Monday, May 02, 2005

Tail recursion

Noodle can now do limited tail call optimization. Only the tail recursion case is optimized in this way. That is, when a function calls itself and immediately returns the result of that call, Noodle can transform the bytecode so that the new function call doesn't take up any extra stack space. The initial function's stack space is no longer needed, once the arguments to the function call are computed, so there's no reason to keep it there. This is accomplished by transforming the function call into a series of assignments, one for each input variable, and simply jumping to the top of the function again.

The most difficult part of this is not the transformation- it's determining under which cases those steps are actually valid. When the tail-recursive call uses keyword arguments or varargs (*) or kwargs (**), for example, it's trickier to come up with valid bytecode to correctly reinitialize the function. Default arguments cause another problem, since a code object has no way of knowing which default arguments are attached to it in a containing function object.

So the current requirements for taking advantage of Noodle's tail call optimization are thus:

  • Tail call must be at the end of the function, in addition to being in a tail position (this restriction is expected to go away at some point)

  • Tail call must be to the current function, by the same name

  • Tail call must give arguments for all positional parameters and all default parameters, in order, and must not give any keyword arguments, varargs, or kwargs.

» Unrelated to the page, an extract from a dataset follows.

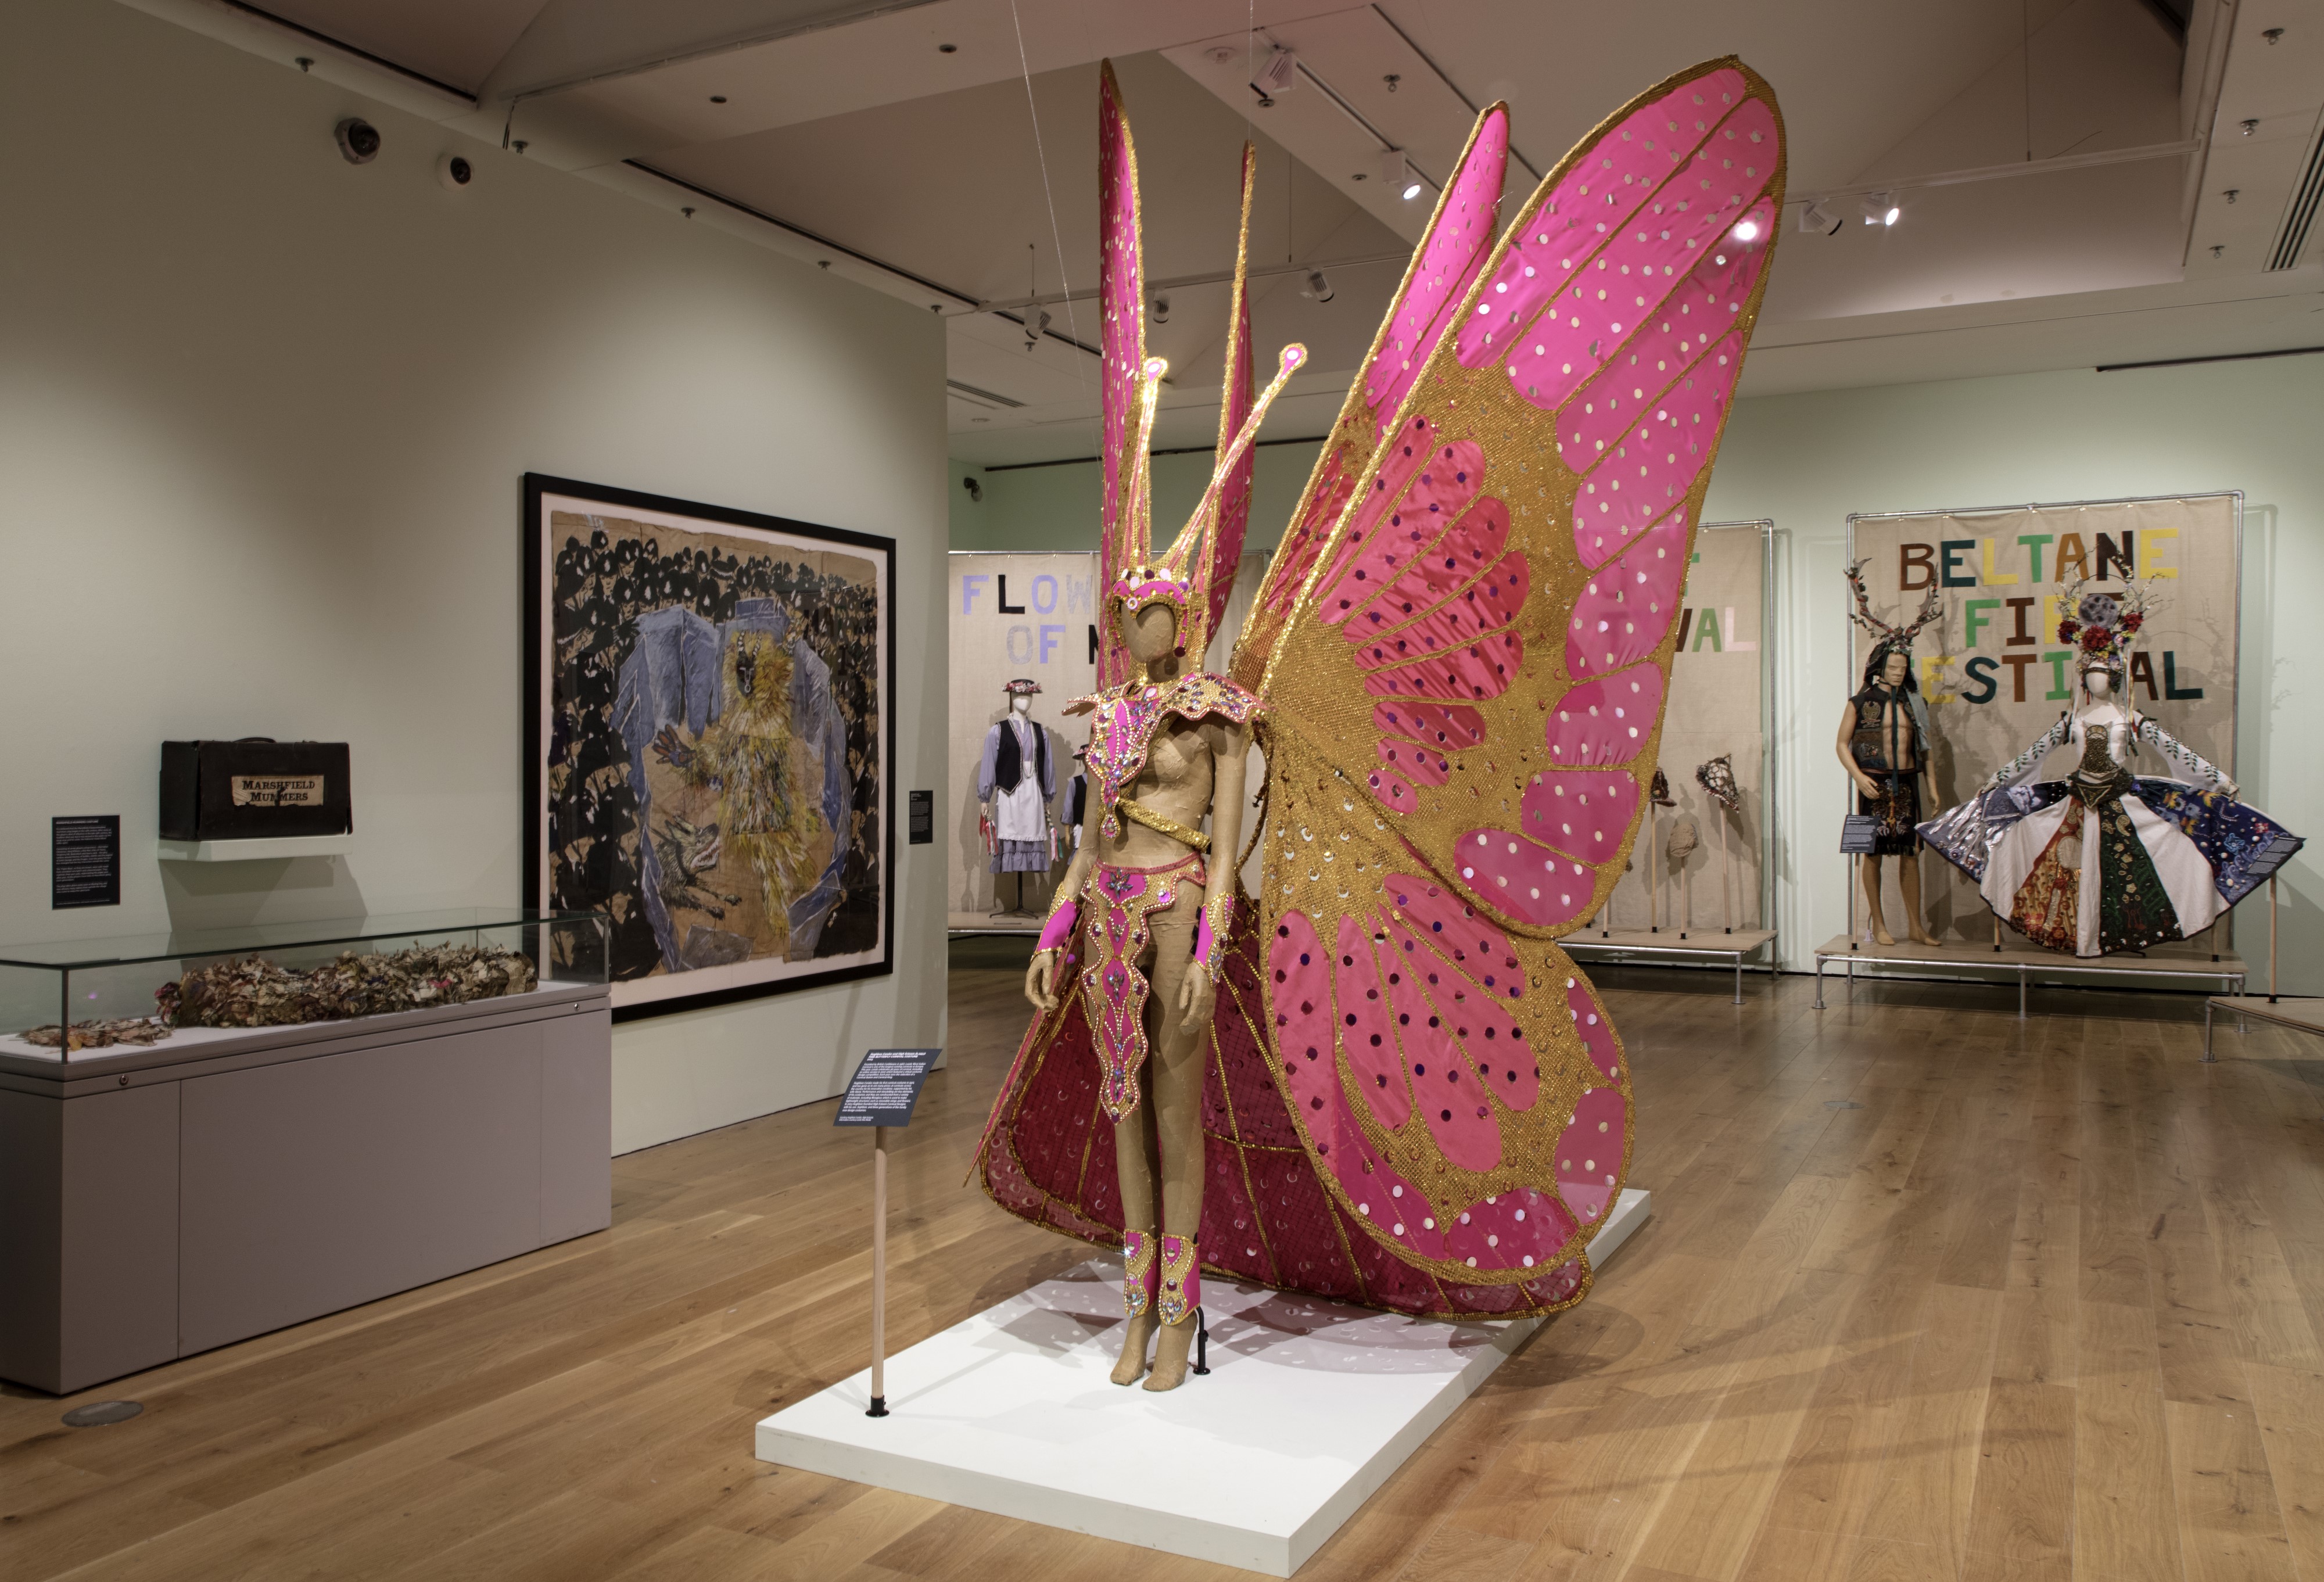 Flamboyant pink butterfly Leeds Carnival Costume in gallery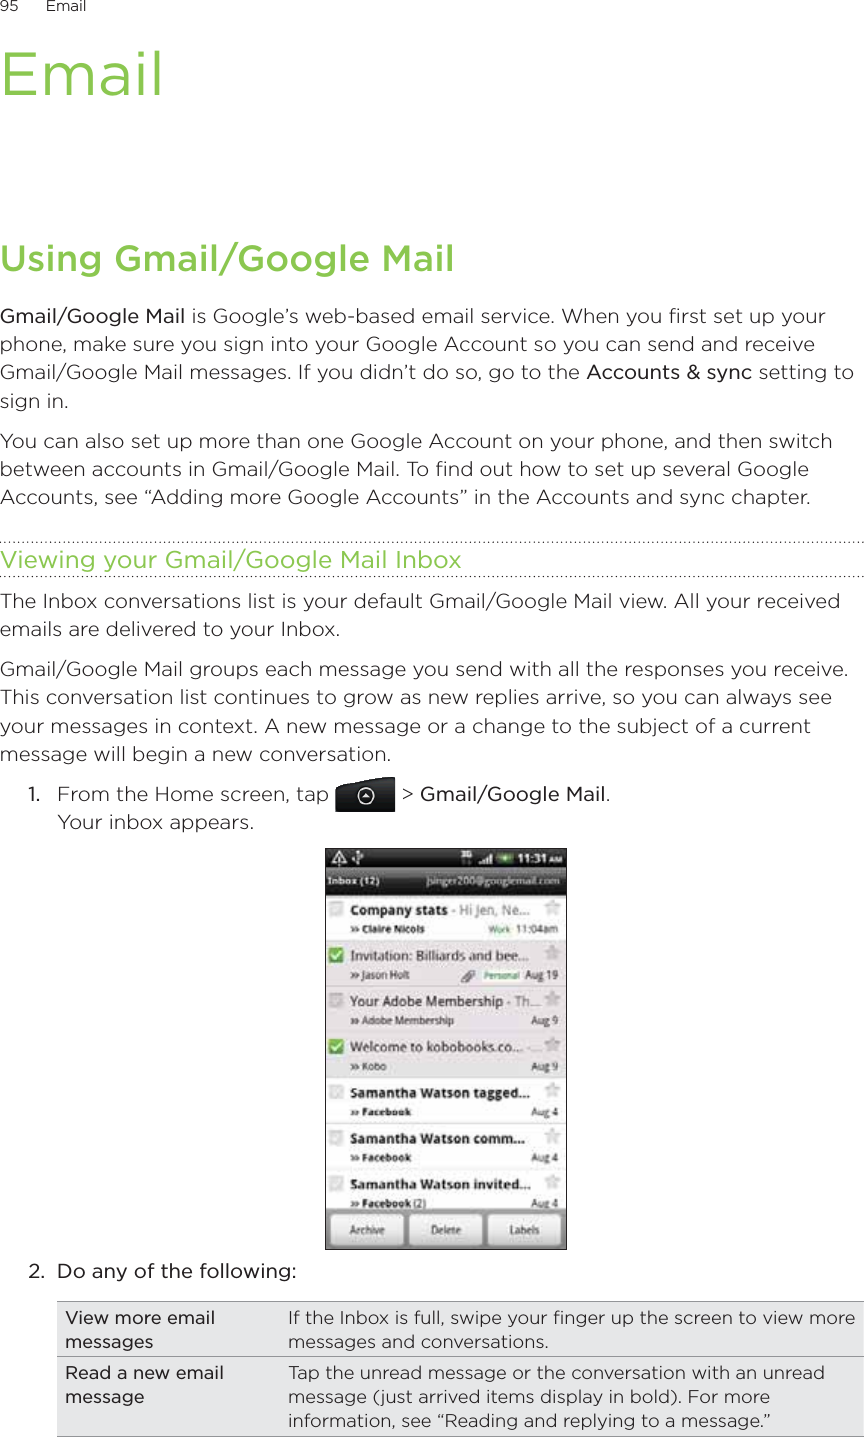 95      Email      EmailUsing Gmail/Google MailGmail/Google Mail is Google’s web-based email service. When you first set up your phone, make sure you sign into your Google Account so you can send and receive Gmail/Google Mail messages. If you didn’t do so, go to the Accounts &amp; sync setting to sign in.You can also set up more than one Google Account on your phone, and then switch between accounts in Gmail/Google Mail. To find out how to set up several Google Accounts, see “Adding more Google Accounts” in the Accounts and sync chapter.Viewing your Gmail/Google Mail InboxThe Inbox conversations list is your default Gmail/Google Mail view. All your received emails are delivered to your Inbox.Gmail/Google Mail groups each message you send with all the responses you receive. This conversation list continues to grow as new replies arrive, so you can always see your messages in context. A new message or a change to the subject of a current message will begin a new conversation.1.  From the Home screen, tap   &gt; Gmail/Google Mail. Your inbox appears.2.  Do any of the following:View more email messagesIf the Inbox is full, swipe your finger up the screen to view more messages and conversations.Read a new email messageTap the unread message or the conversation with an unread message (just arrived items display in bold). For more information, see “Reading and replying to a message.”

When you're writing a recursive function, these restrictions should in general be rather simple to get around.

I don't expect Noodle will be able to support any further tail call optimization, since Python bytecode is currently incapable of jumping between code objects. Jumping can only be done to elsewhere in the current code object.

1 comments:

paul cannon said...

Okay, the restriction on the tail call being at the end of the function is now gone. The first tail-call optimization implementation was a bit silly, and it's much better now.